• Directions:
Nothing should appear in the answer except the lines below from the line containing "Christmas Animated Typeface - 24819053" through the line containing "Humpty Dumpty short story", copied exactly, with pictures left out.

• Dataset content:
-- Opening Marker --

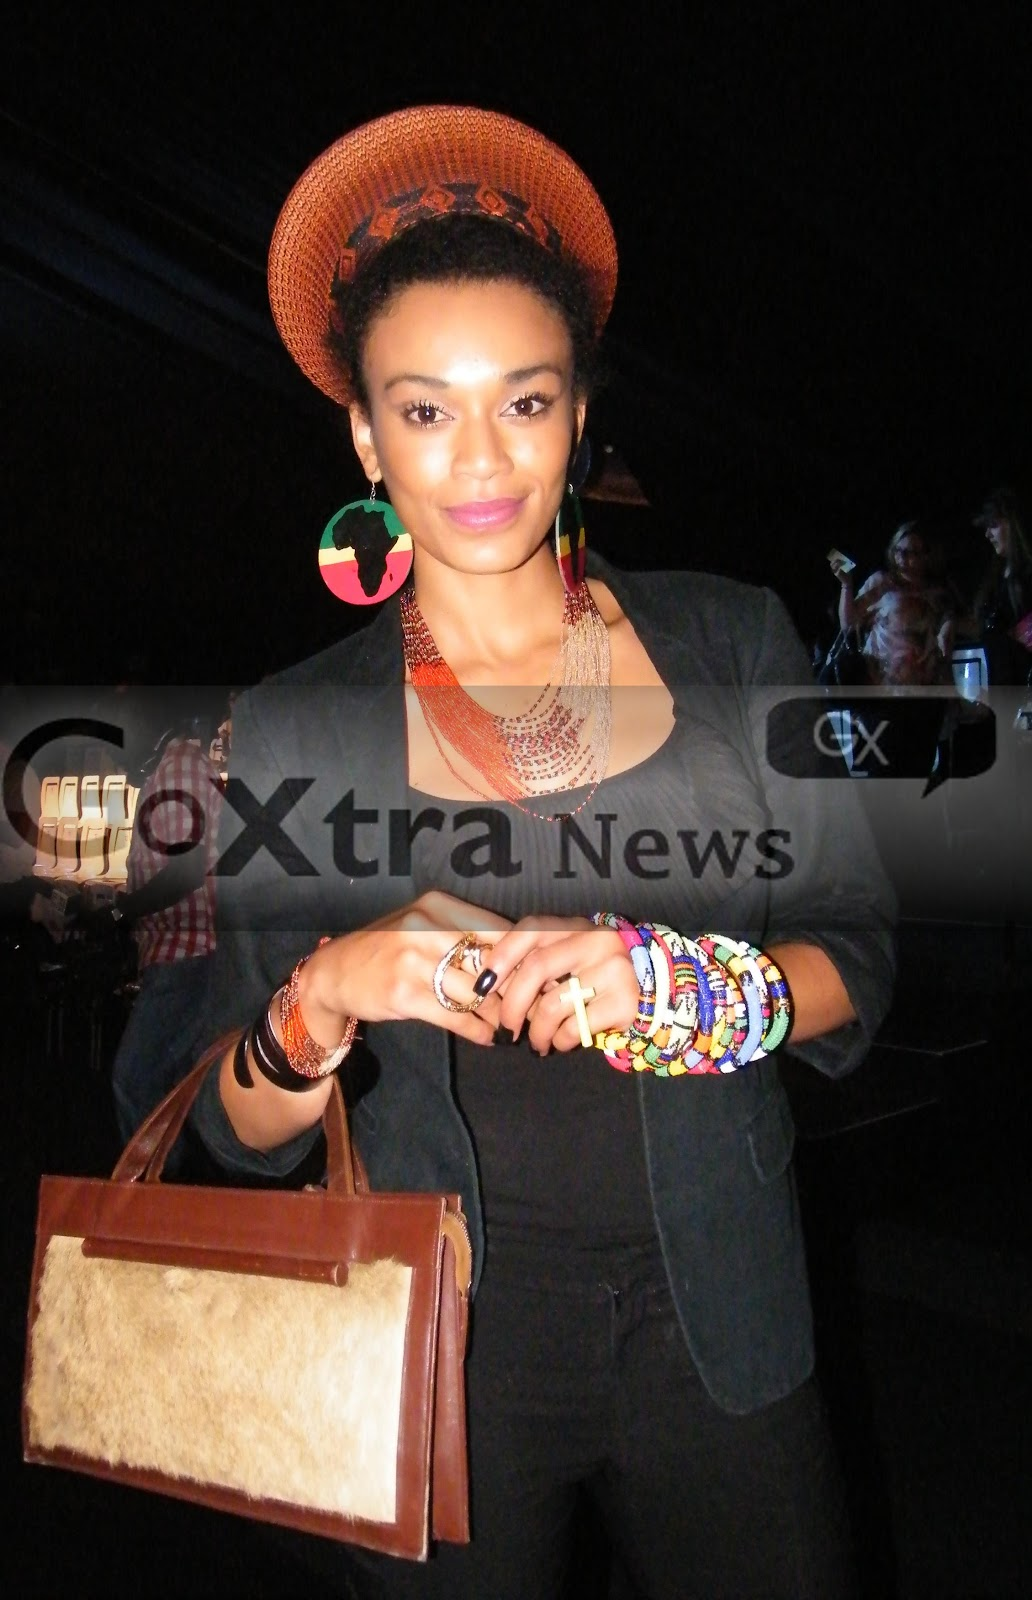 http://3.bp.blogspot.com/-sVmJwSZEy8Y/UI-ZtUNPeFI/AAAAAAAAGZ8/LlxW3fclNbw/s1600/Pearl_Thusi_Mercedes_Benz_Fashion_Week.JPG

-- Closing Marker --
-- Opening Marker --

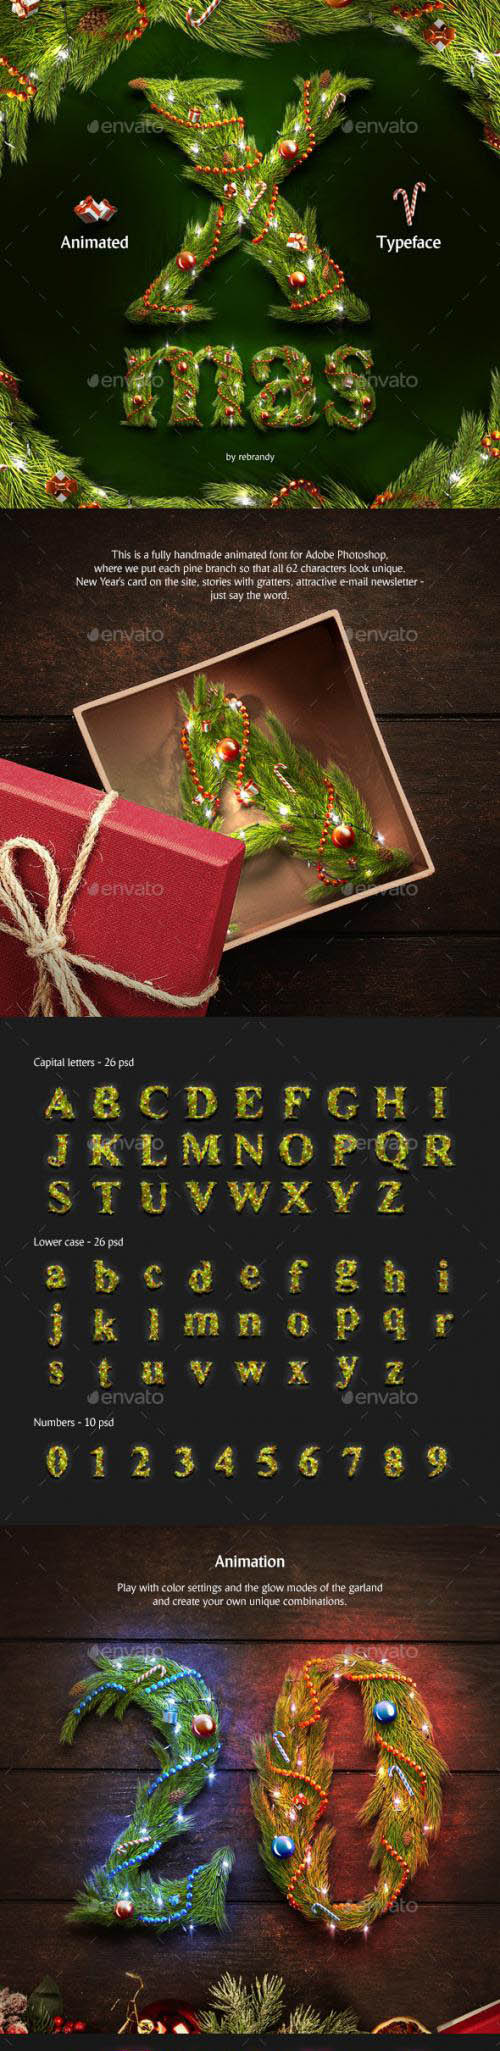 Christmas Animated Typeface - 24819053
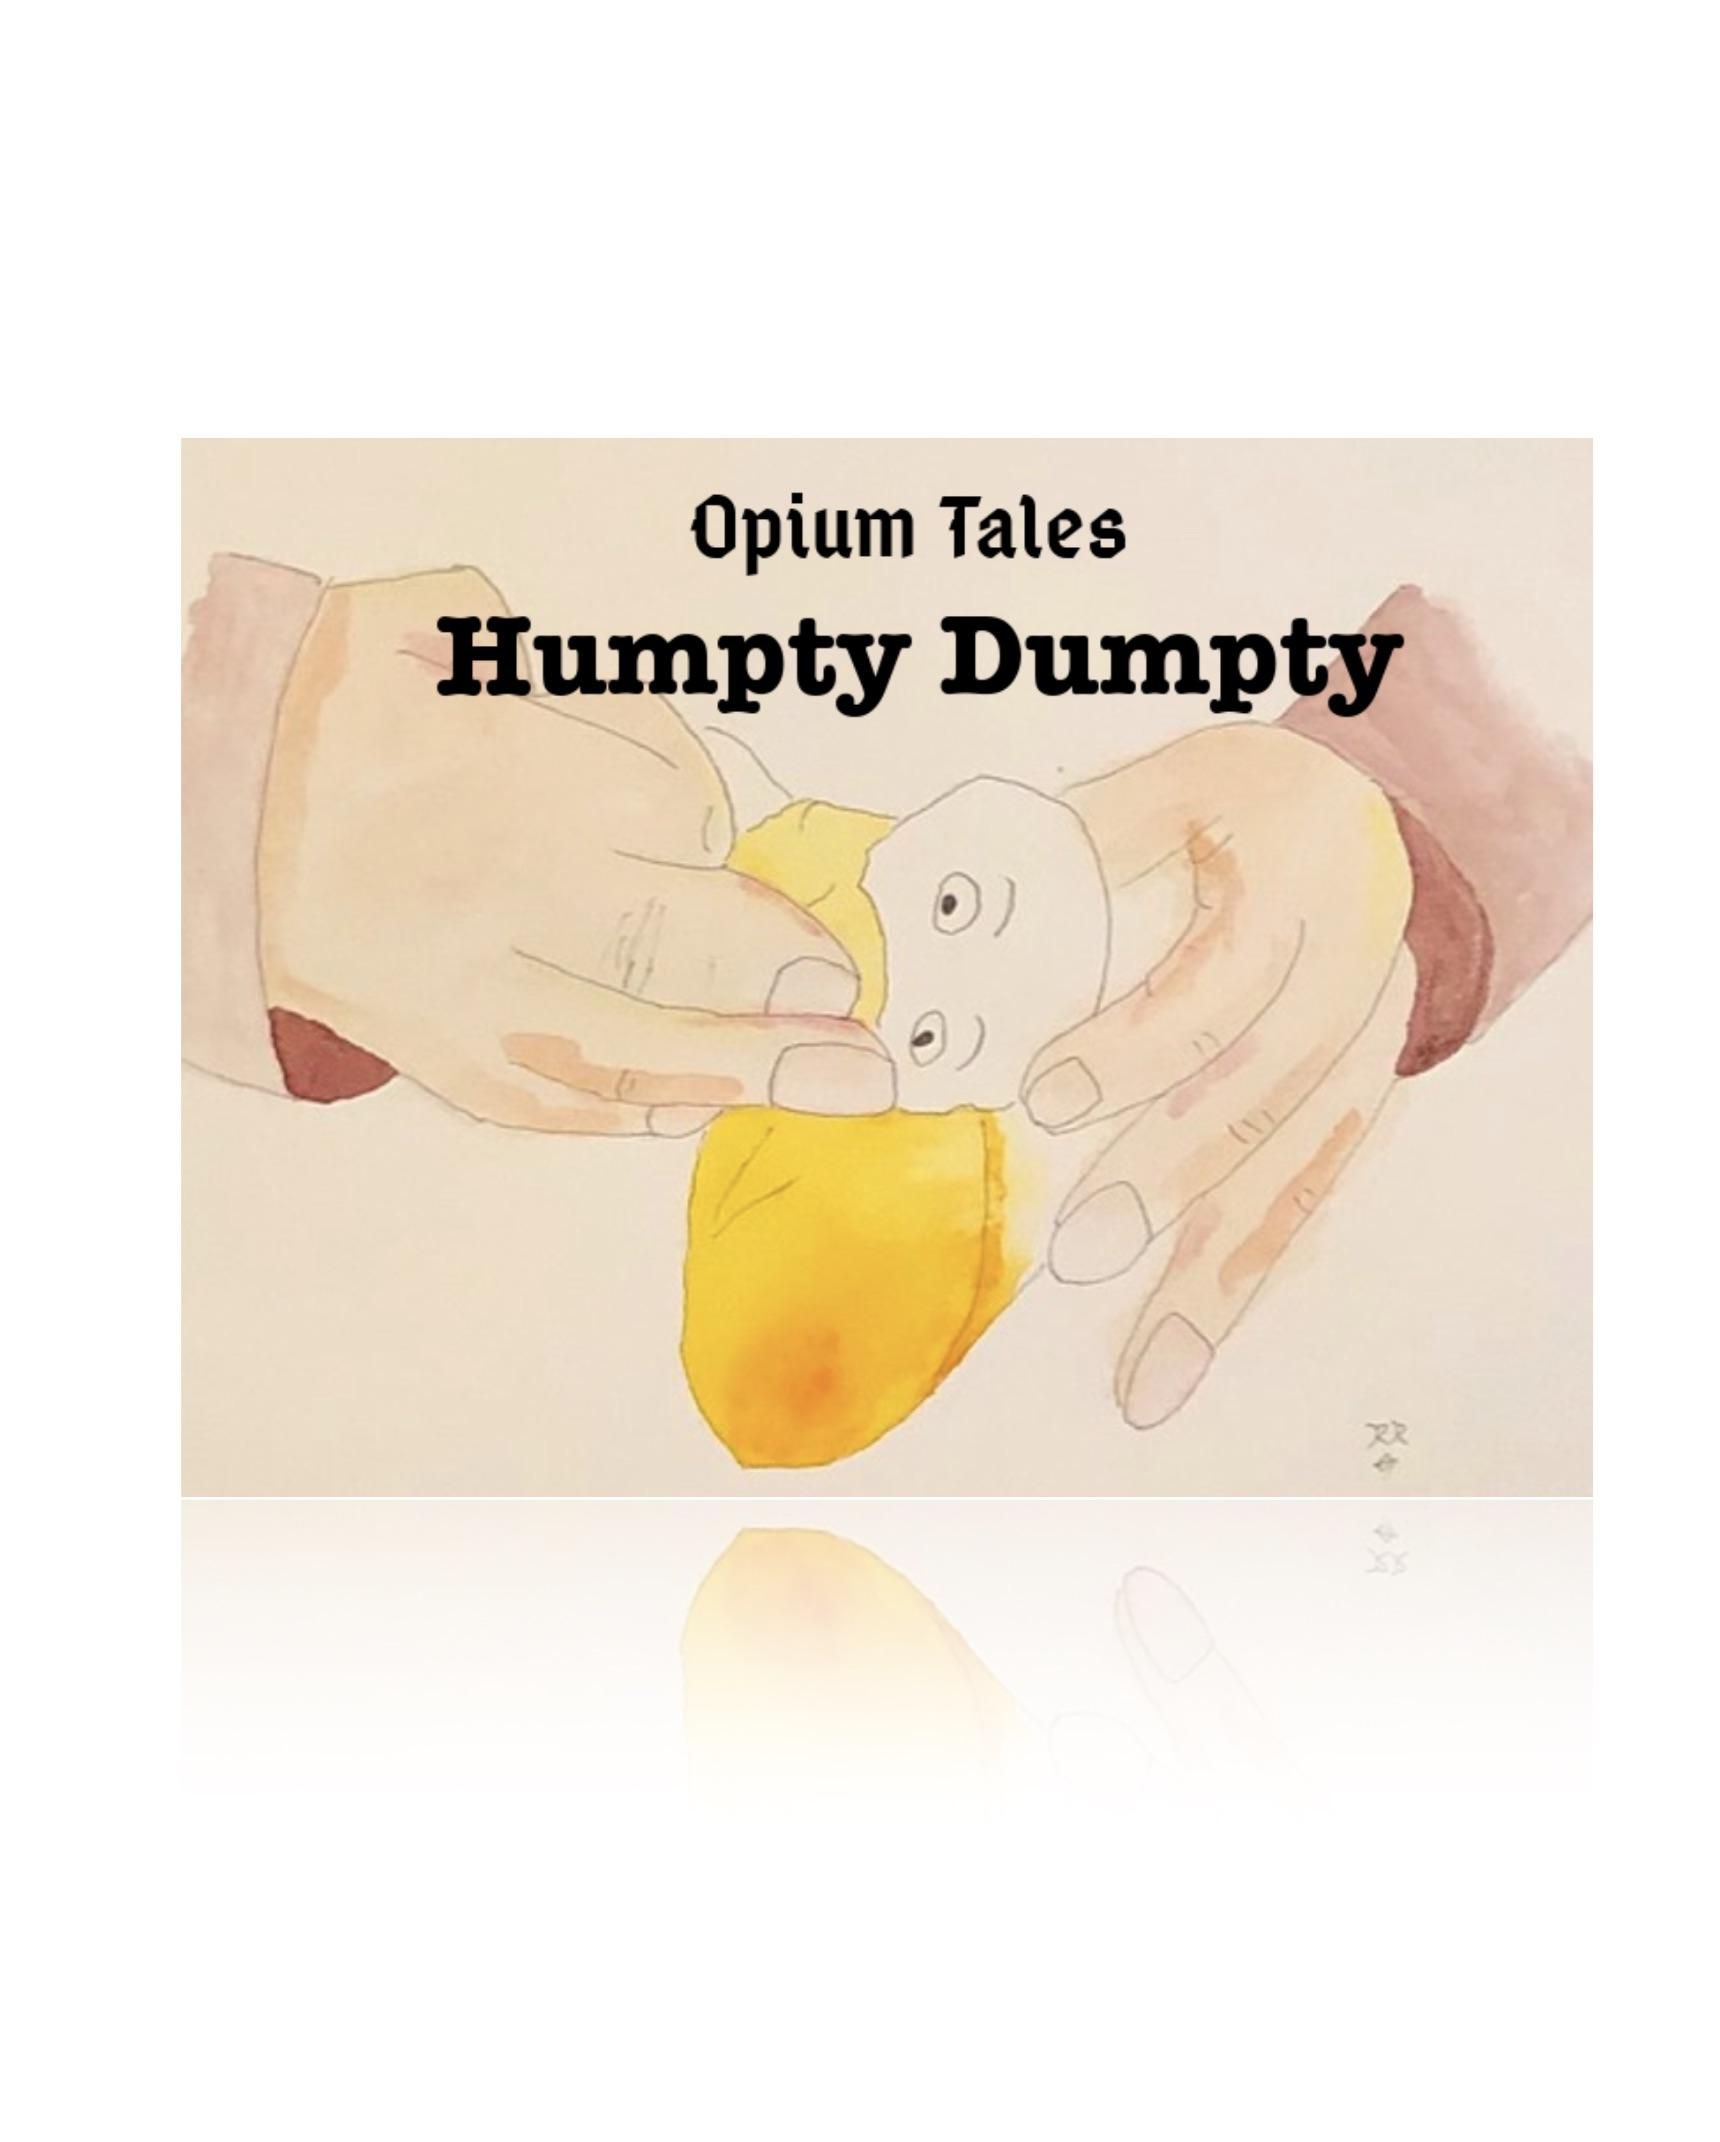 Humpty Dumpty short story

-- Closing Marker --
-- Opening Marker --

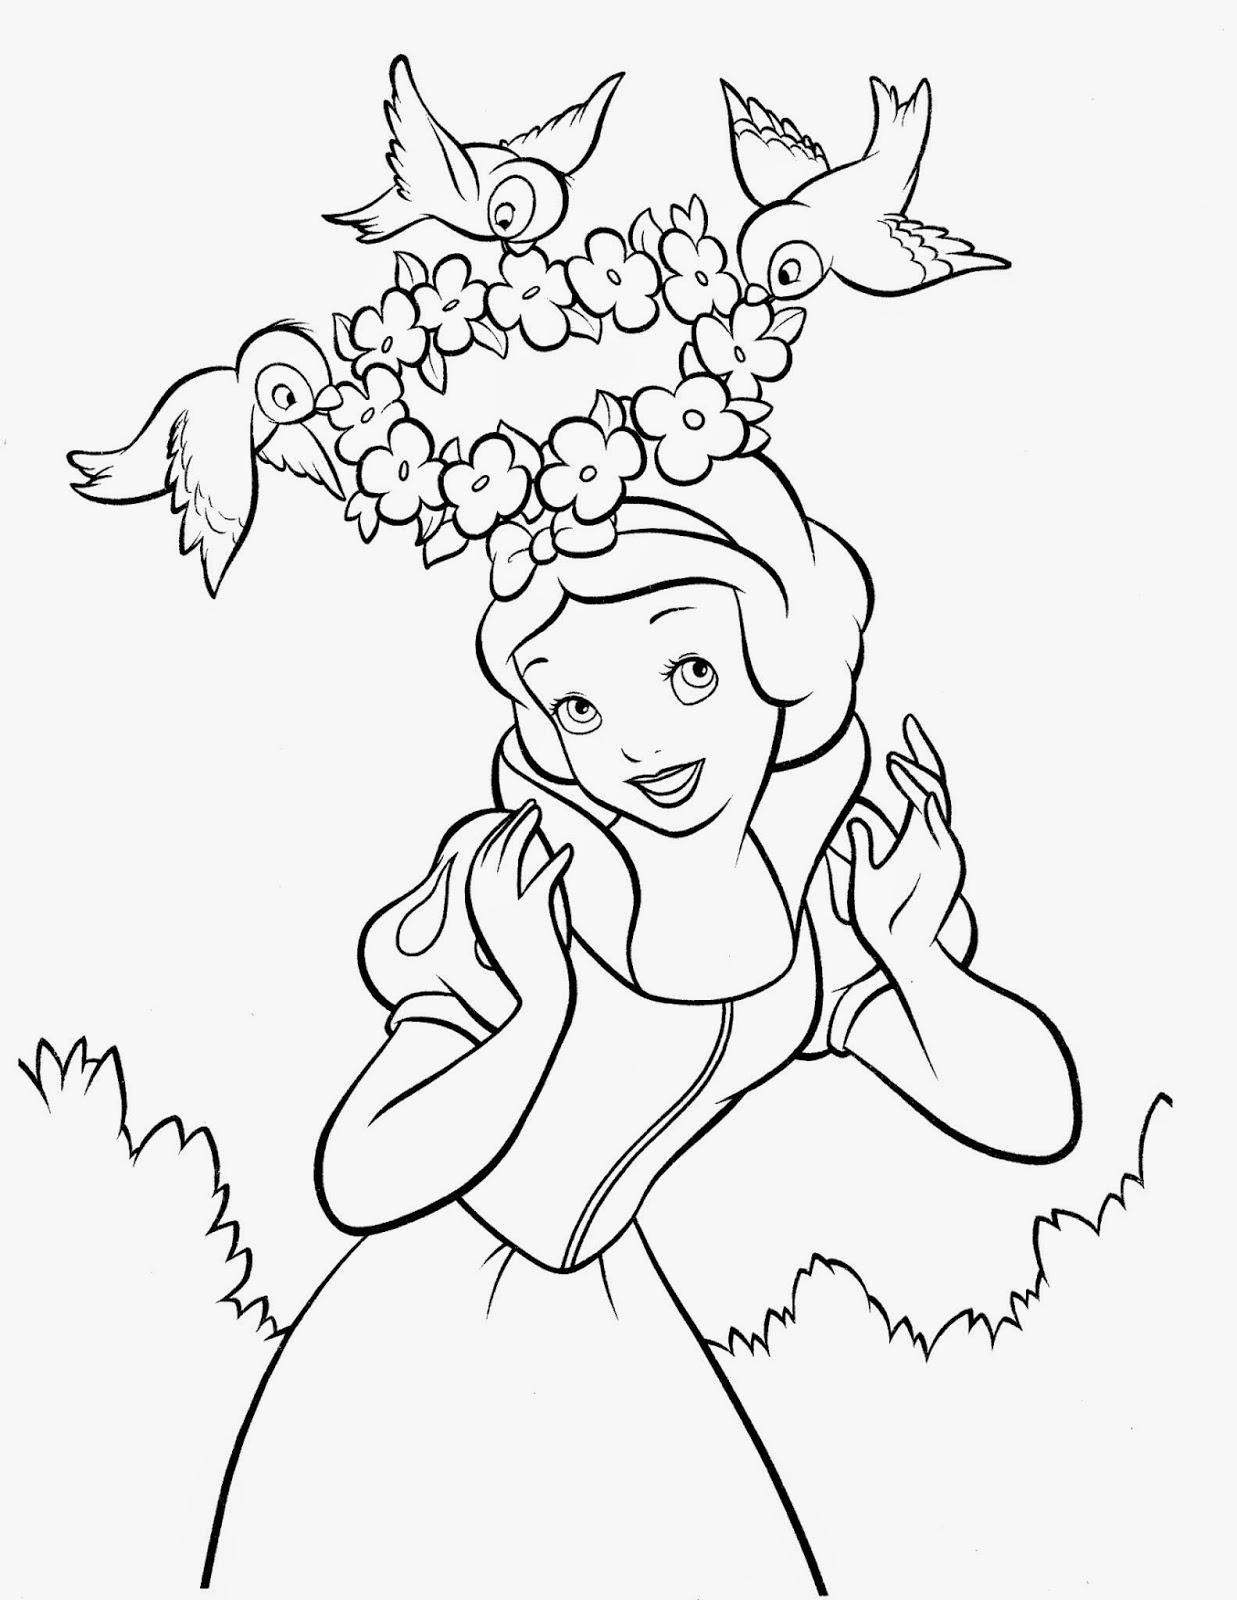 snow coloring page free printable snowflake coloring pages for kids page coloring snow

-- Closing Marker --

• Your response:
 Christmas Animated Typeface - 24819053
 Humpty Dumpty short story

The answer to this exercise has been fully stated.